Syntenic genomic loci on human chromosome 8 (hChr8) and mouse chromosome 15 (mChr15) code for LY6/Ly6 (lymphocyte antigen 6) family proteins. The 23 murine Ly6 family genes include eight genes that are flanked by the murine Ly6e and Ly6l genes and form an Ly6 subgroup referred to here as the Ly6a subfamily gene cluster. Ly6a, also known as Sca1 (Stem Cell Antigen-1) and TAP (T-cell activating protein), is a member of the Ly6a subfamily gene cluster. No LY6 genes have been annotated within the syntenic LY6E to LY6L human locus. We report here on LY6S, a solitary human LY6 gene that is syntenic with the murine Ly6a subfamily gene cluster, and with which it shares a common ancestry. LY6S codes for the interferon-inducible GPI-linked LY6S-iso1 protein that contains only 9 of the 10 consensus LY6 cysteine residues and is most highly expressed in a non-classical cell population.

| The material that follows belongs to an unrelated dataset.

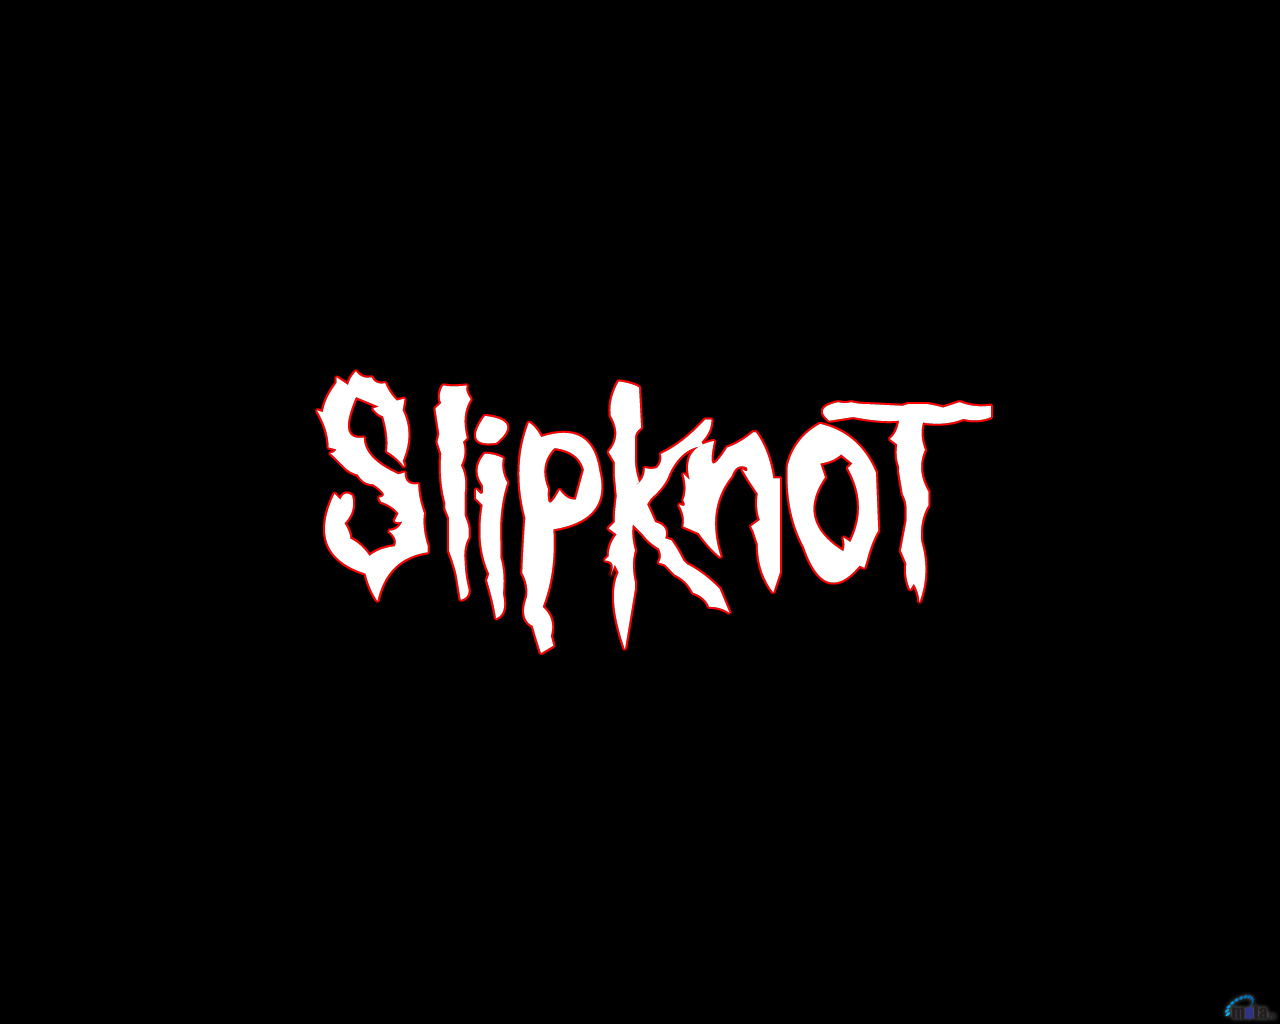 Логотип группы Slipknot

Its expression leads to distinct shifts in patterns of gene expression, particularly of genes coding for inflammatory and immune response proteins, and LY6S-iso1 expressing cells show increased resistance to viral infection. Our findings reveal the presence of a previously un-annotated human interferon-stimulated gene, LY6S, which has a one to eight ortholog relationship with the genes of the Ly6a subfamily gene cluster, is most highly expressed in spleen cells of a non-classical cell-lineage and whose expression induces viral resistance and is associated with an inflammatory phenotype and with the activation of genes that regulate immune responses.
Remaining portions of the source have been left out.